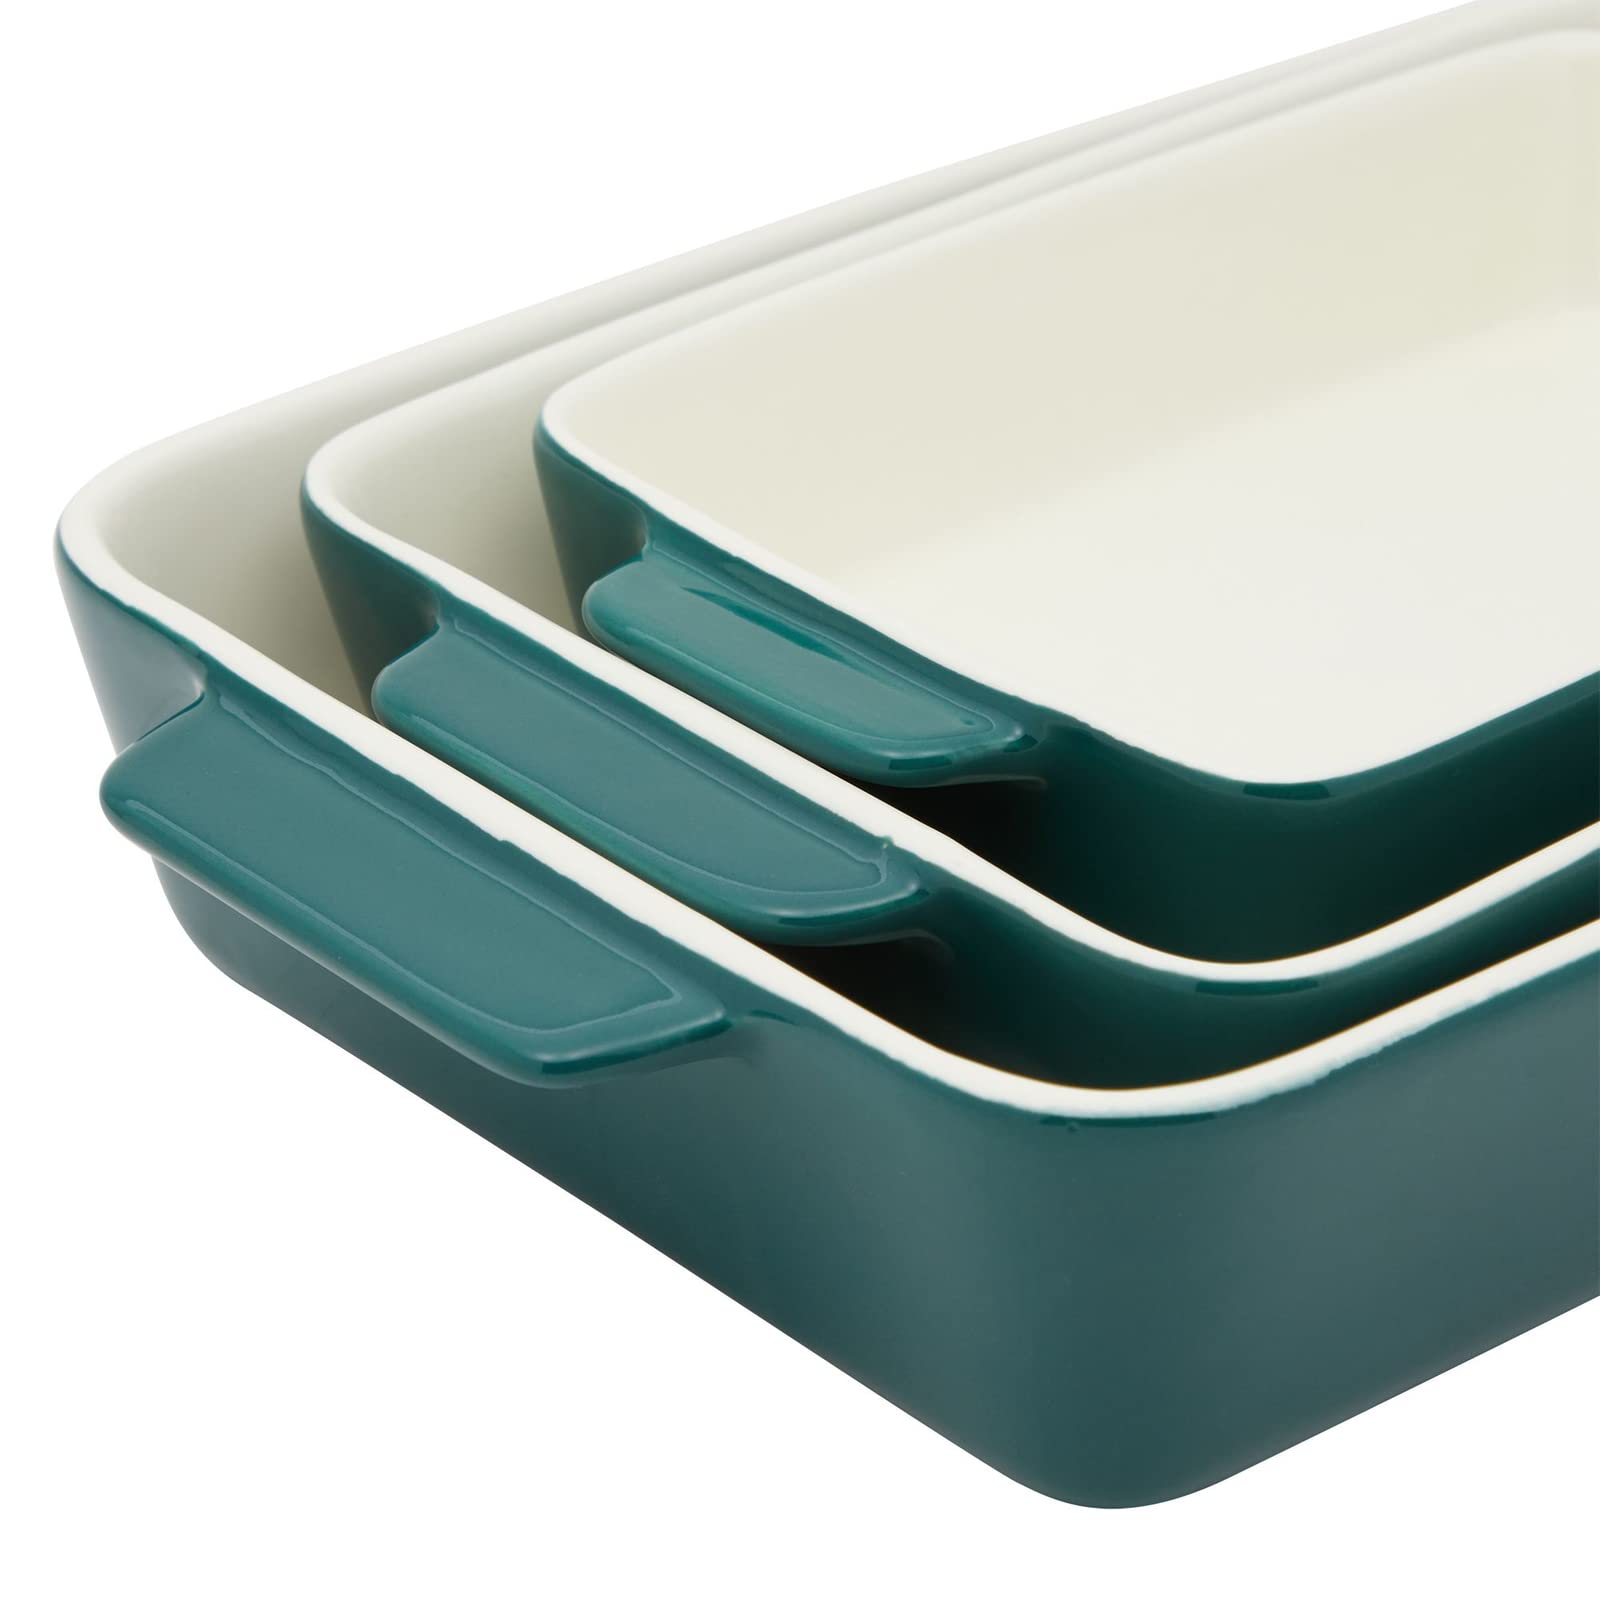 3 Pieces Ceramic Bakeware Set, Porcelain Casserole Dishes for Baking (Green, 3 Rectangular Sizes)
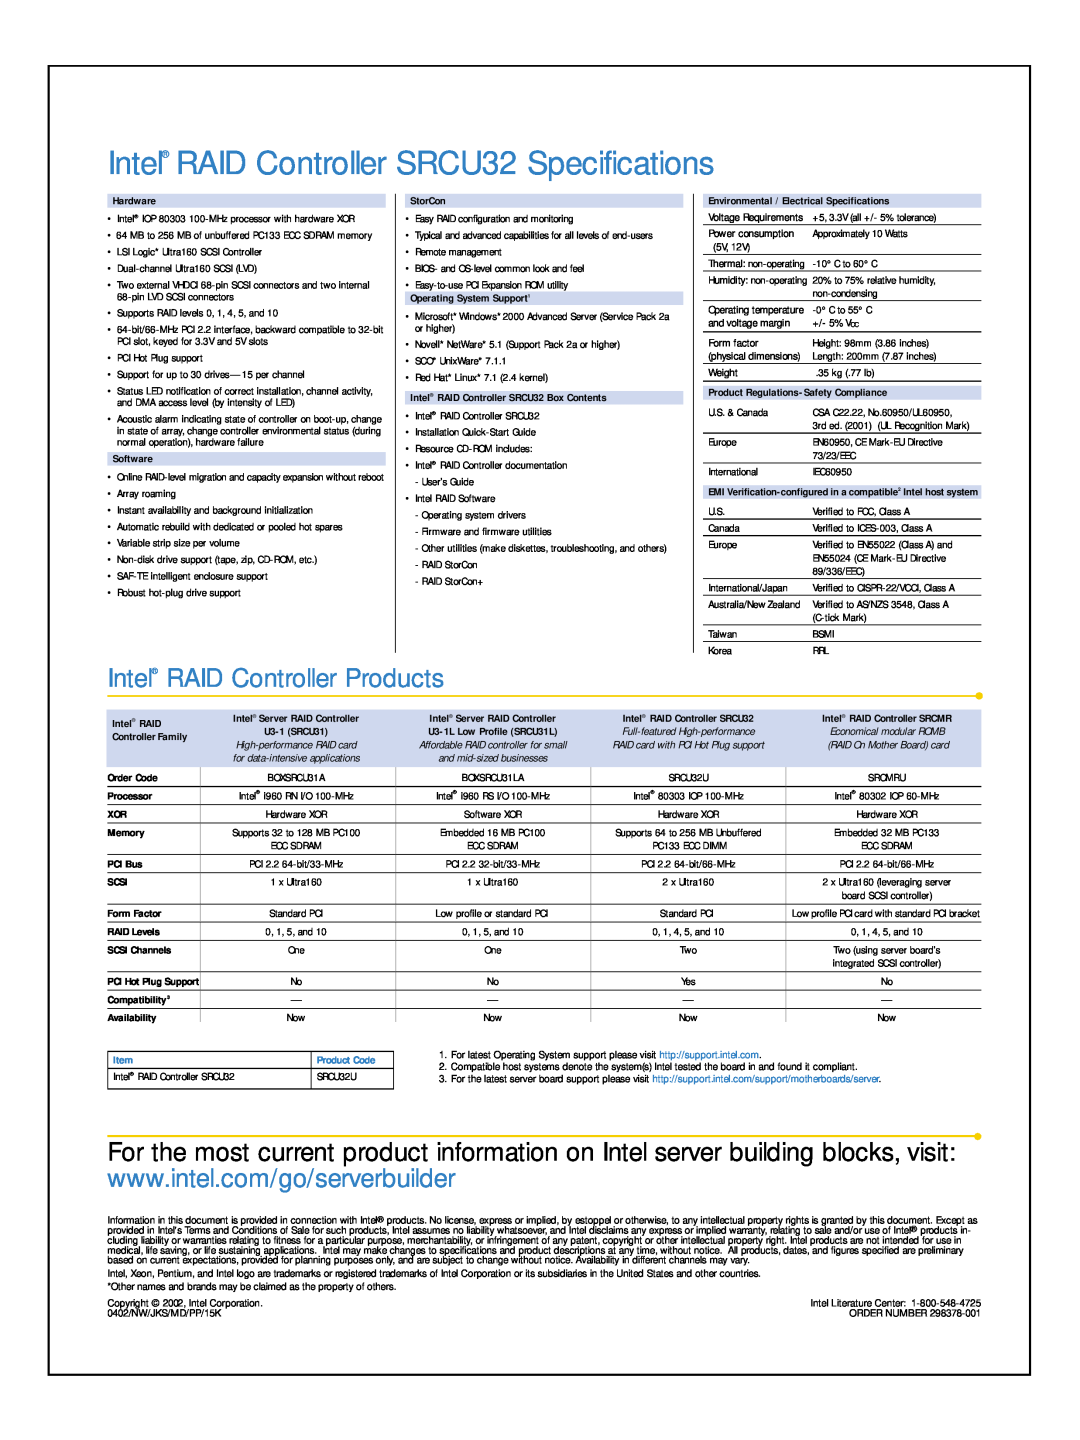 Intel manual Intel RAID Controller Products, Hardware, Software, StorCon, Operating System Support1, BOXSRCU31A, SRCU32U 
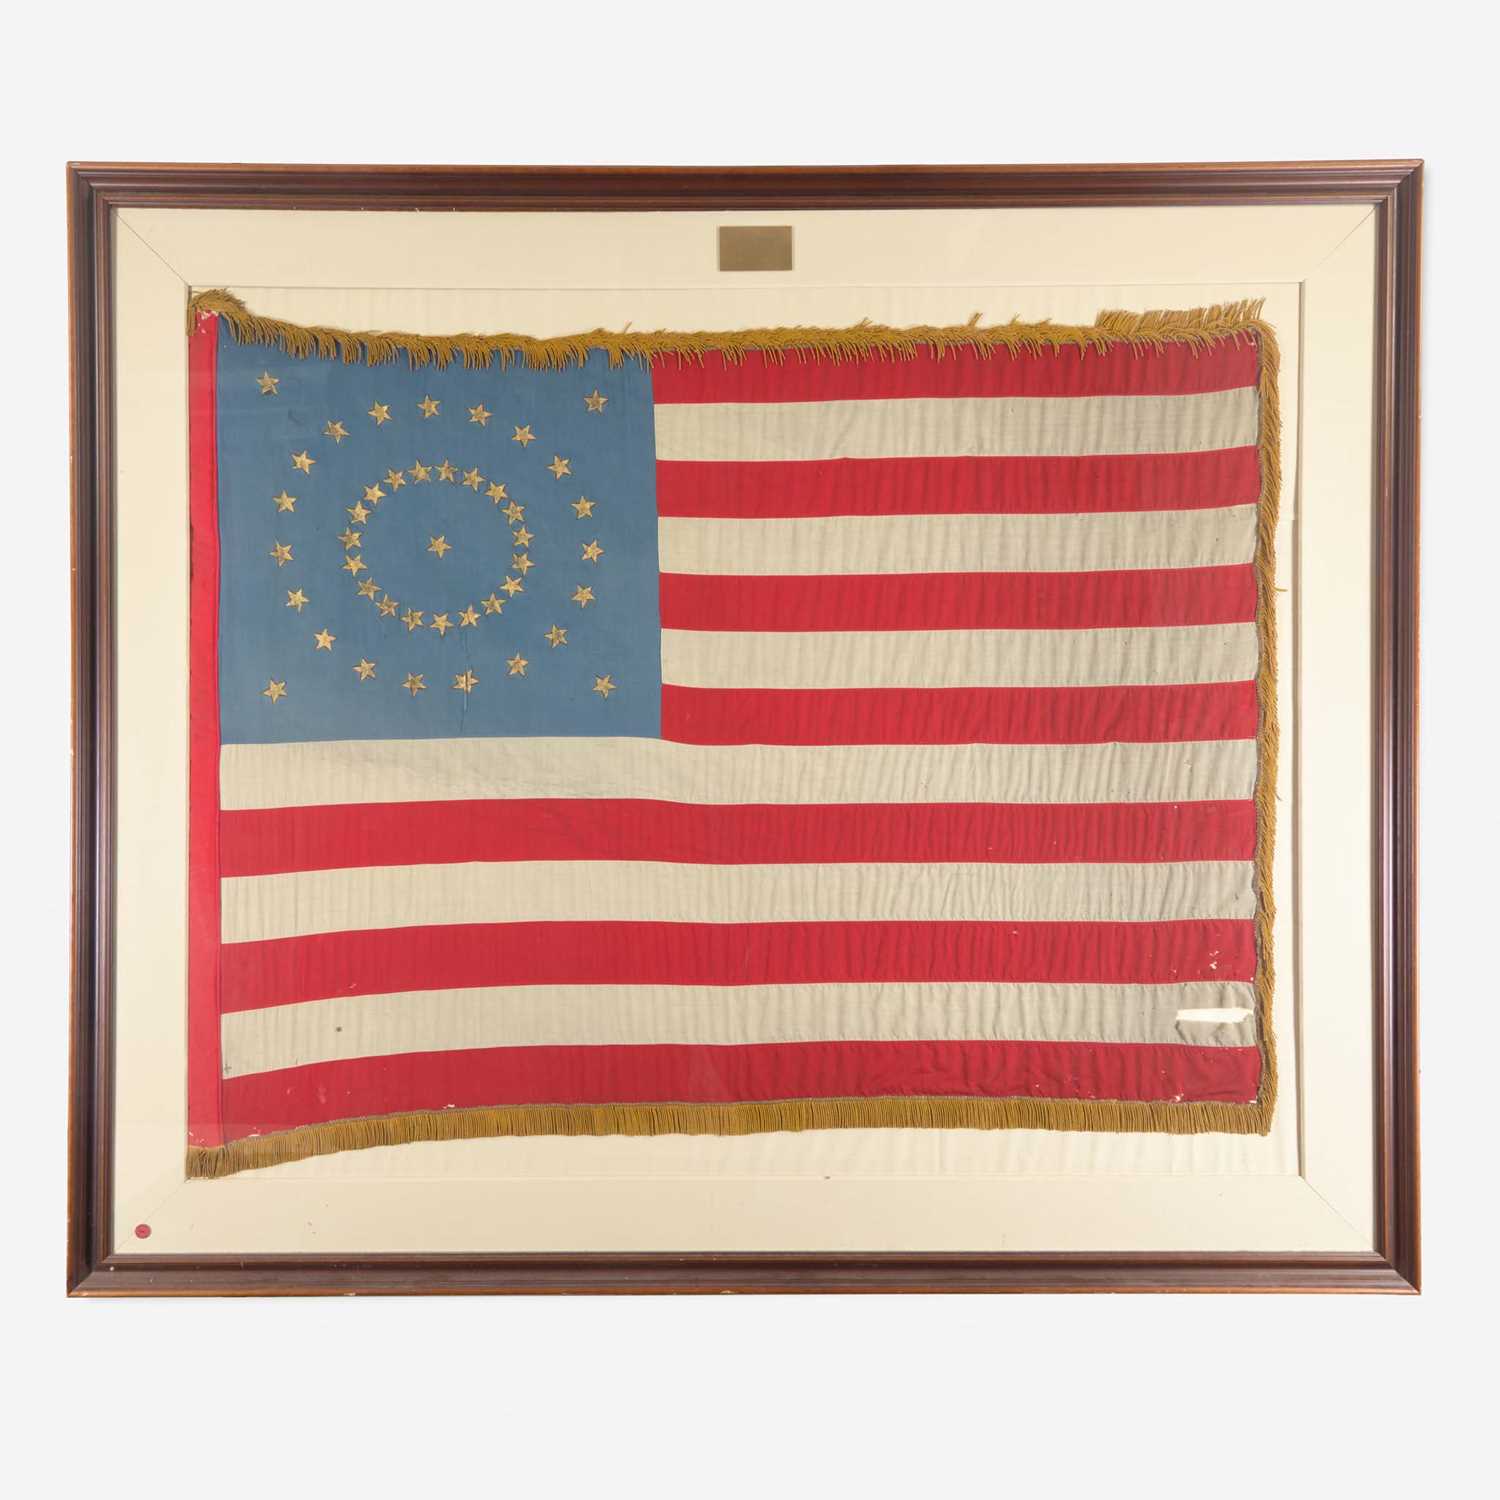 Lot 34 - A 43-Star American Ceremonial Flag commemorating Idaho statehood

- - -

What is required. Would you set down each line of the data exactly, with no images included?

Reply to the task.
 3 Pieces Ceramic Bakeware Set, Porcelain Casserole Dishes for Baking (Green, 3 Rectangular Sizes)
 Intel manual Intel RAID Controller Products, Hardware, Software, StorCon, Operating System Support1, BOXSRCU31A, SRCU32U 
 Lot 34 - A 43-Star American Ceremonial Flag commemorating Idaho statehood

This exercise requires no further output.